И вновь гремели в ночи раскаты. Уступая настойчивым призывам, приоткрывался горизонт. Глубина ночи рождала уже не одну, а множество гроз. Они сливали в единую мелодию свои рокочущие голоса, обступали человека, и невыносимое чувство бесконечности и одиночества разражалось песней отчаяния, покрывавшей все своим размахом.
Опять раскаты грома заглушали этот призыв одинокого путника. Завязывалась борьба, слышались крики, где-то взывали о помощи. И когда казалось, вот-вот наступит долгожданное примирение, однозвучное гудение грозы становилось непереносимым, — и все начиналось сызнова.
Меж тем душа вновь обретала мужество. Противники стояли лицом к лицу. Они мерились силами, но избегали схватки. Тогда вмешалась неумолимая поступь рока. Природа жаждала безоговорочной победы, она не шла на уступки. Разъярившиеся силы уже не удовлетворялись ни унижением побежденного, ни одиноким упоением победителя.

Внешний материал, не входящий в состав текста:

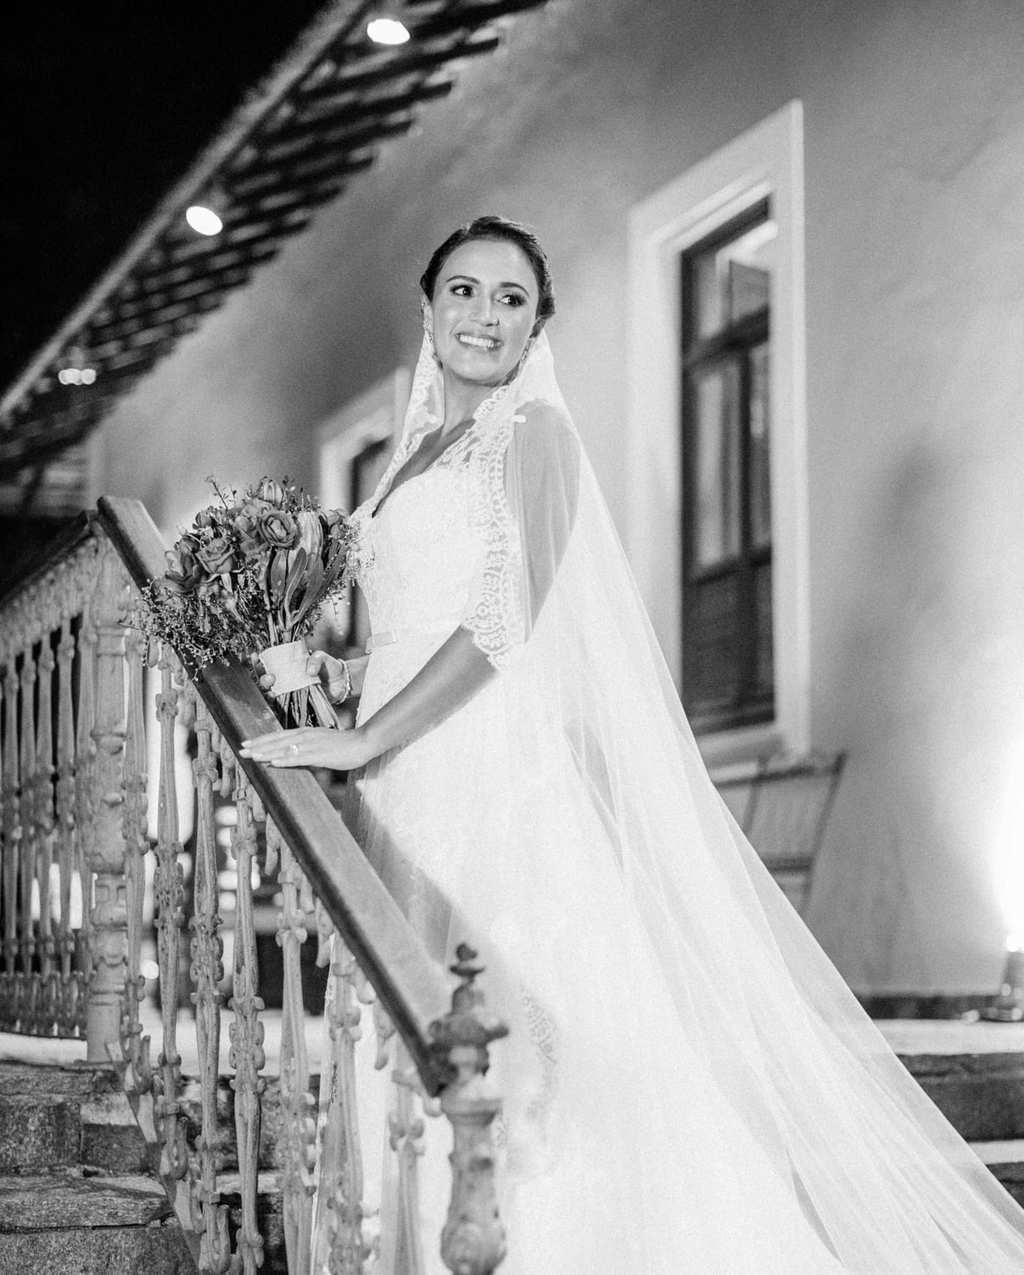 casamento-boho-chic-casamento-Luisa-e-David-ensaio-noivos-Fotografia-Rodrigo-Sack-Largo-do-Arruda-noivos-Rio-de-Janeiro-42
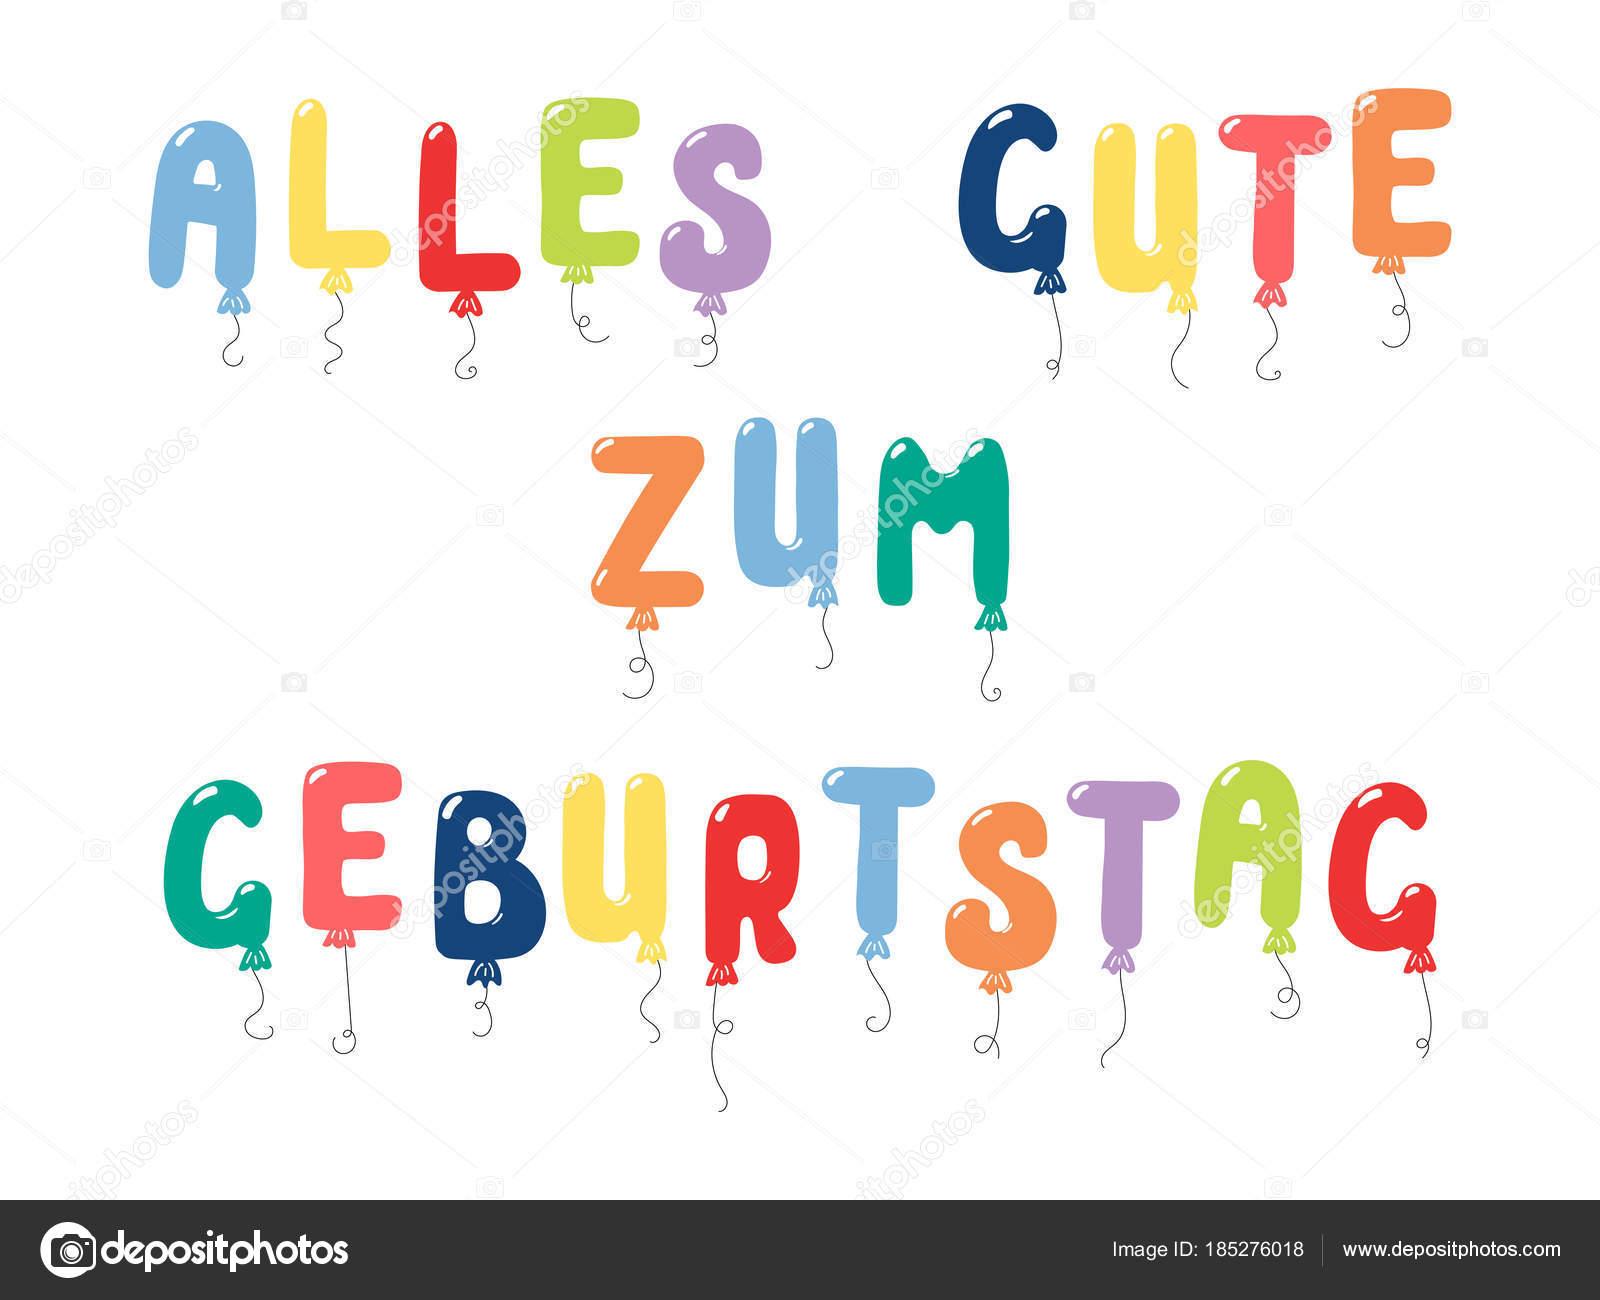 všechno nejlepší k narozeninám německy Ručně Tažené Přání Narozeninám Barevnými Balónky Řetězce Tvaru  všechno nejlepší k narozeninám německy

И снова все было под вопросом. Даже смертельно раненные противники тянулись друг к другу, чтобы схватиться. Внезапно, без всякого предупреждения, без заключительного аккорда, по властному призыву поверженных бойцов первая часть сонаты окончилась.
Жозеф не думал больше об игре Элен. Он оцепенел от ужаса и восхищения. Он слушал, как стихают последние раскаты титанической битвы, и ловил на замкнутом, суровом лице Элен отсвет нового, неведомого ему бога, существование коего становилось условием его собственного существования.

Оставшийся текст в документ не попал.